What can we expect from Scottish Labour conference?

In the first of a series previewing Scottish Labour conference 2018, The Red Robin gives a brief overview of what to expect.

The Scottish Labour party is holding its first conference since Richard Leonard’s victory in the party’s leadership election this weekend in Dundee, offering him a chance to set out his radical and transformative policy vision for Scottish politics.

The atmosphere at this year’s conference promises to be improved on previous years, with a new Leader and new policy focus, as well as the recovery of several parliamentary seats after last year’s Westminster election. Scottish Labour also has reasons to be cheerful after an uptick in it’s membership figures after the leadership election, recovering from a long term decline in Labour party membership Scotland, and now standing at over 20,000.
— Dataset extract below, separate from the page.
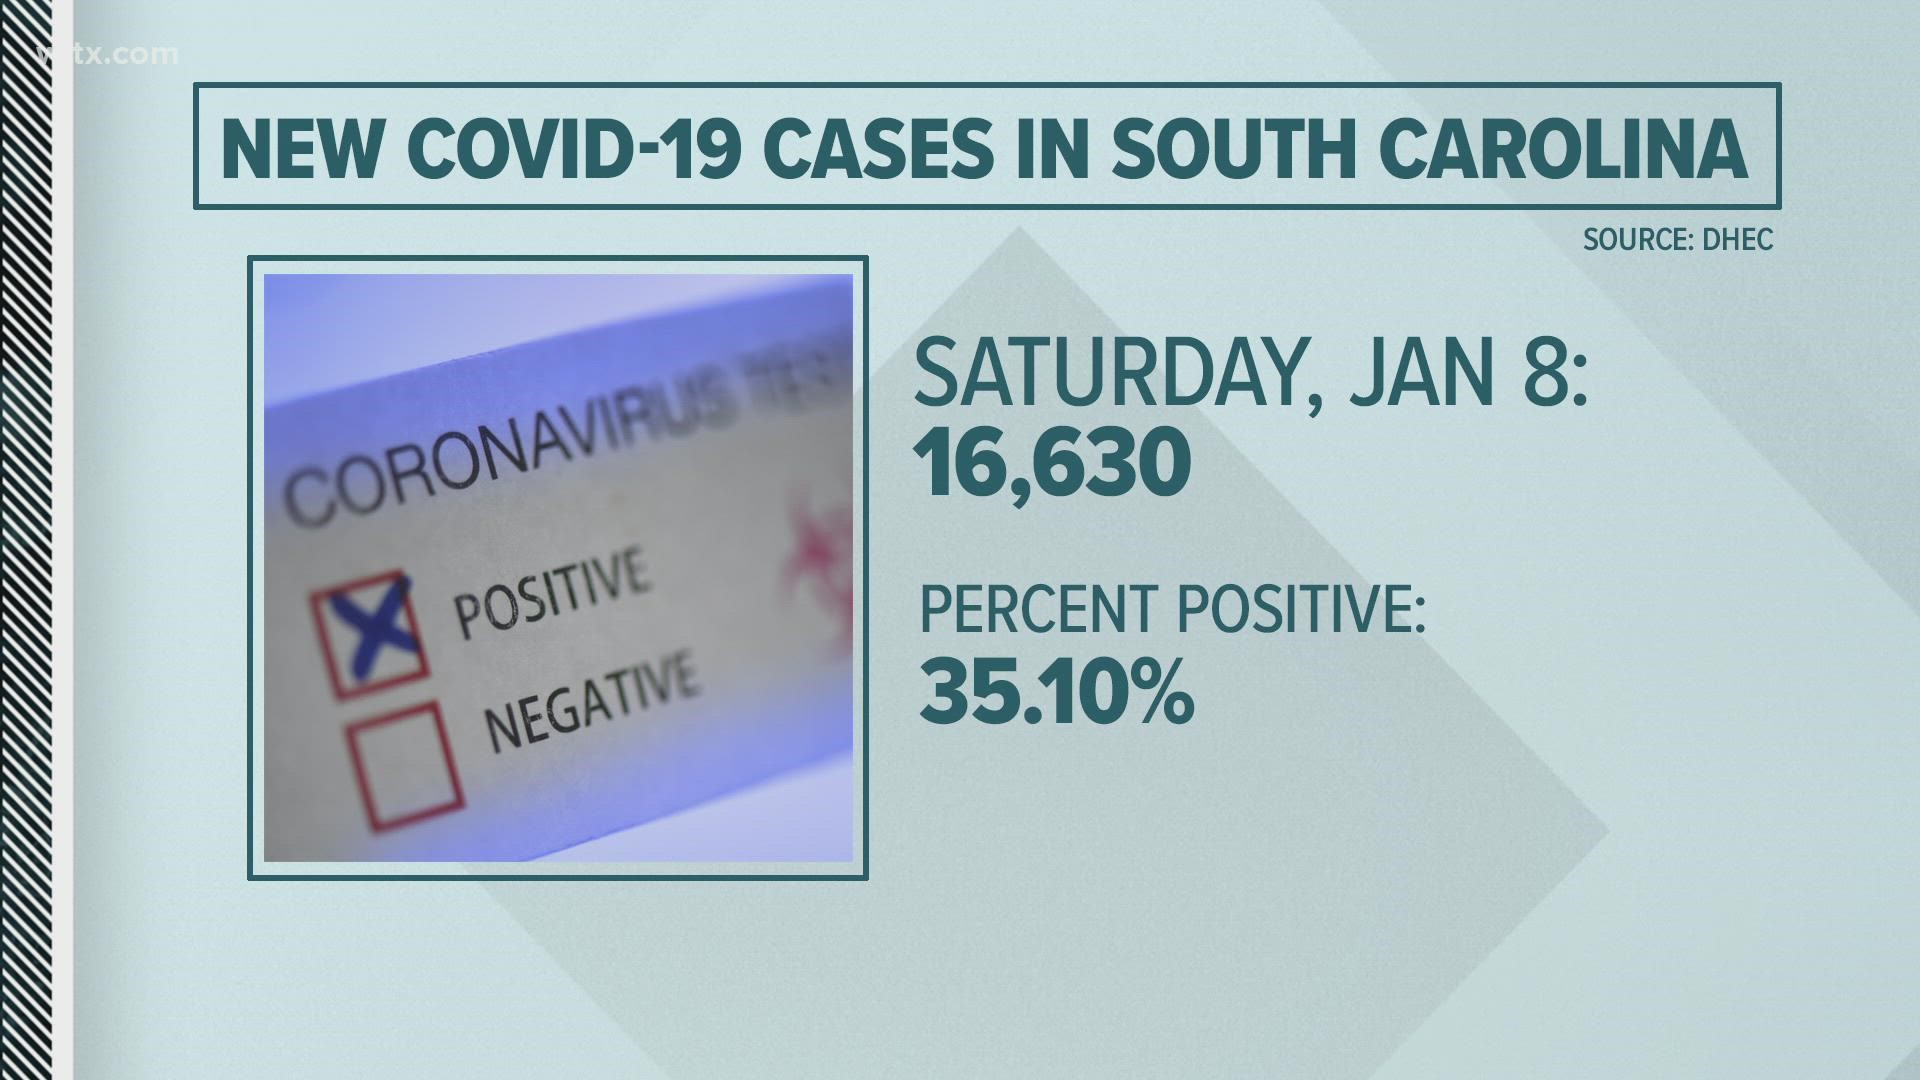 Over 16,600 cases reported on Saturday with a 35% positive rate.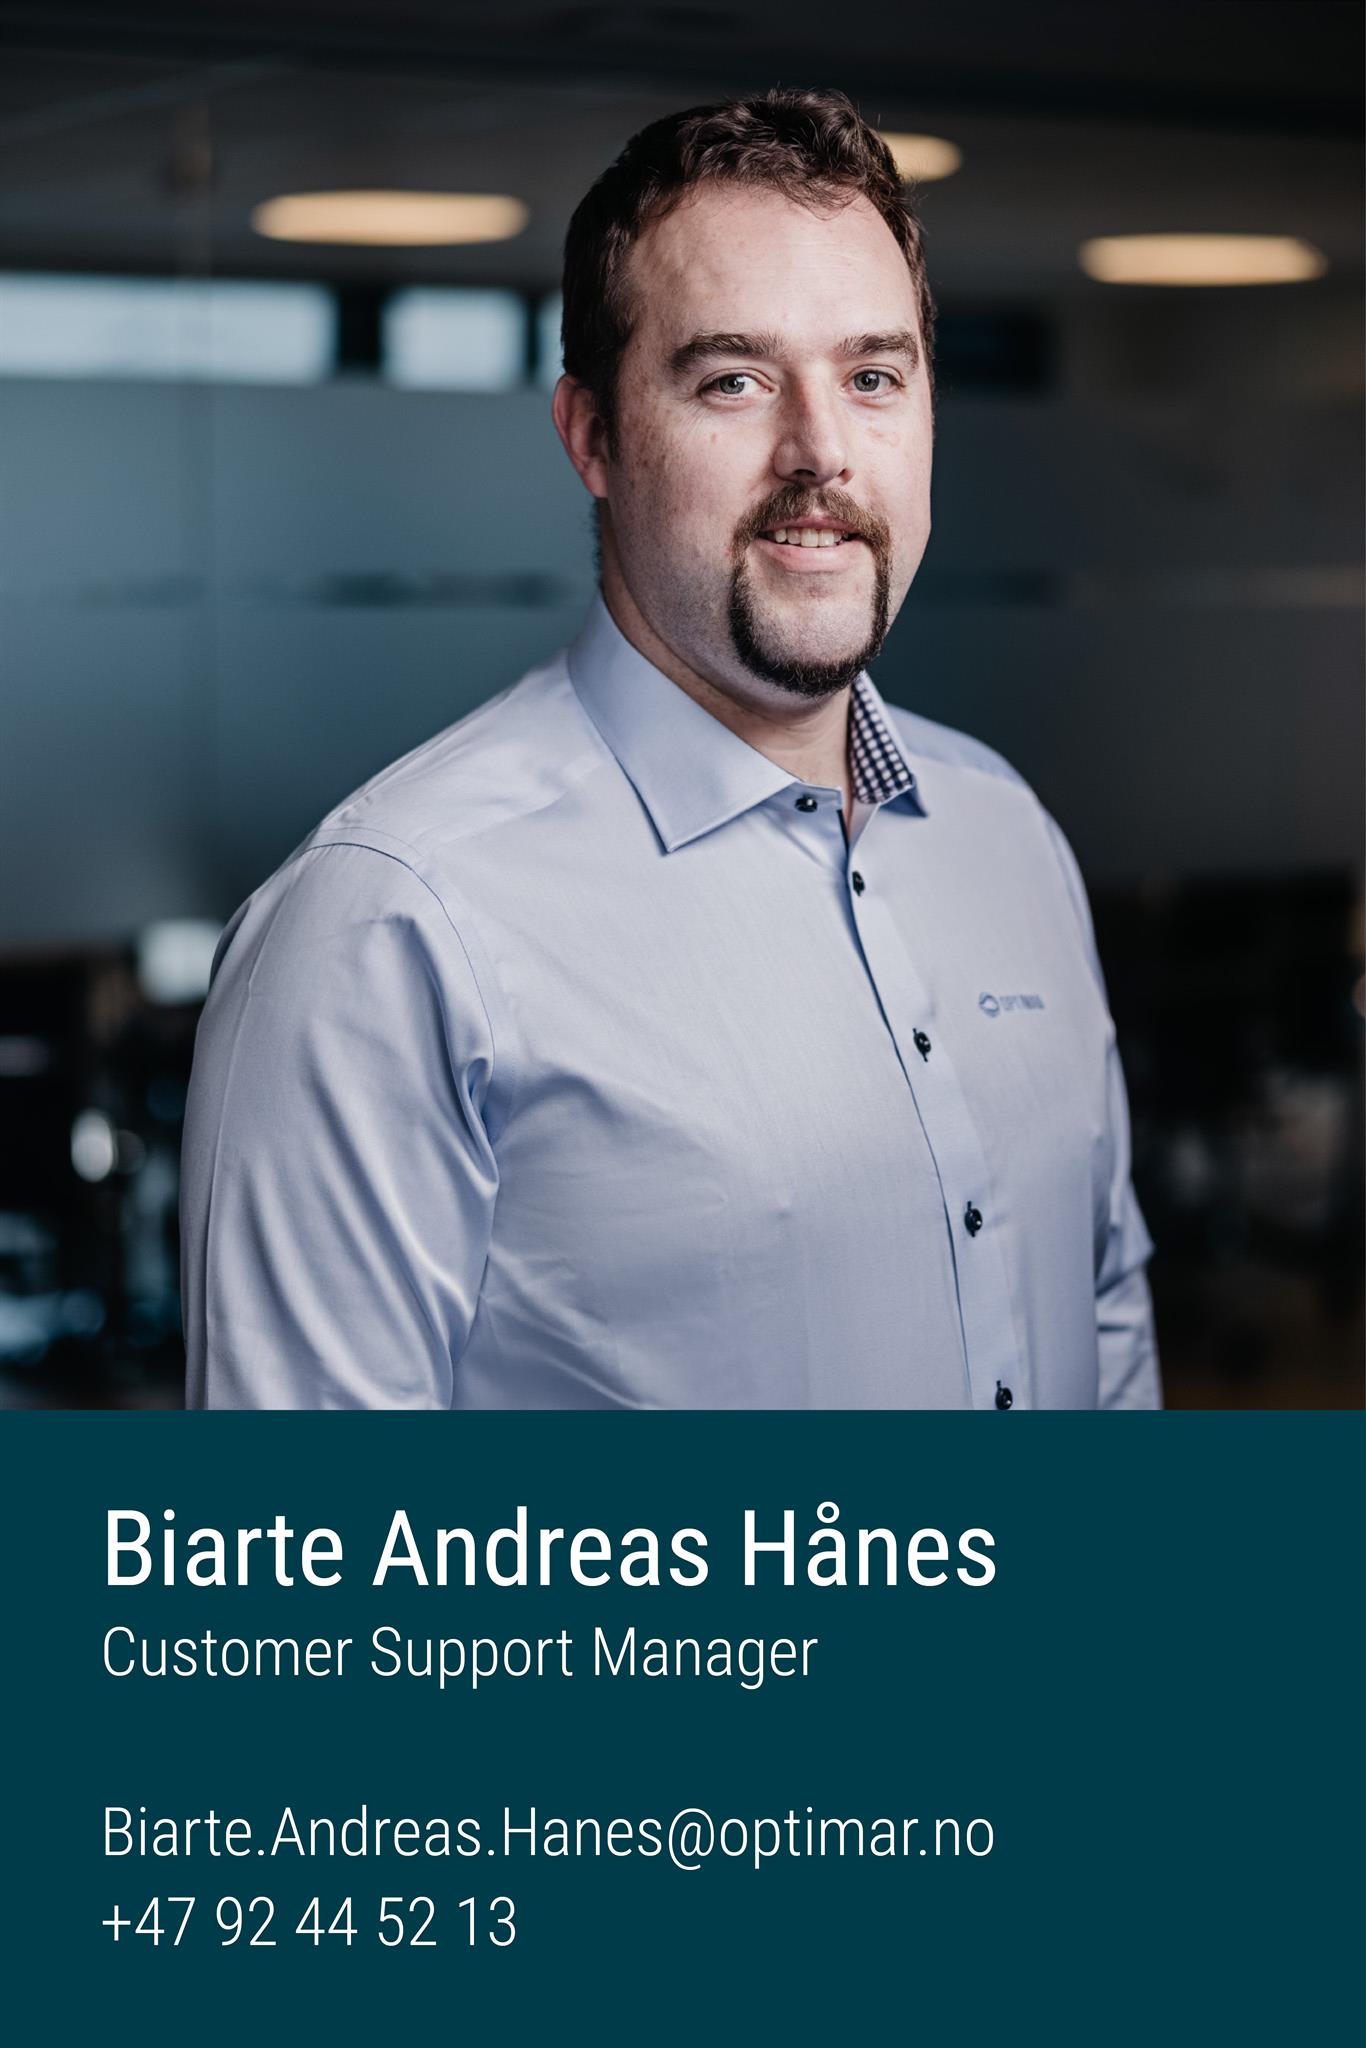 Biarte Andreas Hånes

Notable guest speakers this year include both the Leader of the Opposition, Jeremy Corbyn, and Shadow Chancellor, John McDonnell.

New policy announcements

Richard Leonard’s team will be keen to build on the popularity of his leadership campaign’s series of policy ideas, centring around housing and land ownership in Scotland.

These are outlined in the Party’s comprehensive policy document “Real Change”, setting out what policies Richard Leonard’s team seeks to gain a mandate from conference to pursue.

Unlike previous years, conference itself will be debating and voting on these proposals, further democratising Scottish Labour’s conference, which had in previous years developed a reputation for stage management, but little in the way of concrete political debate.

Potential flashpoint

The debate around Britain’s future relationship with the European Union continues, centring around proposals by the new campaign group “Scottish Labour for the Single Market”, co-founded by MP for Edinburgh South Ian Murray and former party leader and MSP Kezia Dugdale, for Scottish Labour to take a stance on retaining membership of the Single Market after Brexit.

This goes further than Labour policy to retain the benefits of the Customs Union after the end of the transition period, but also throws up problems where the Single Market’s membership requirements come into conflict with Labour’s current economic policies, specifically around the nationalisation of certain industries and services.

Rule changes

In January the Scottish Executive Committee, the ruling body of Scottish Labour, proposed a rule change to this year’s conference giving conference the ability to refer parts of Scottish Policy Forum documents back to the Forum, without outright rejecting the entire proposal, a change from previous form where Scottish Policy Forum proposals must either be endorsed or rejected in full.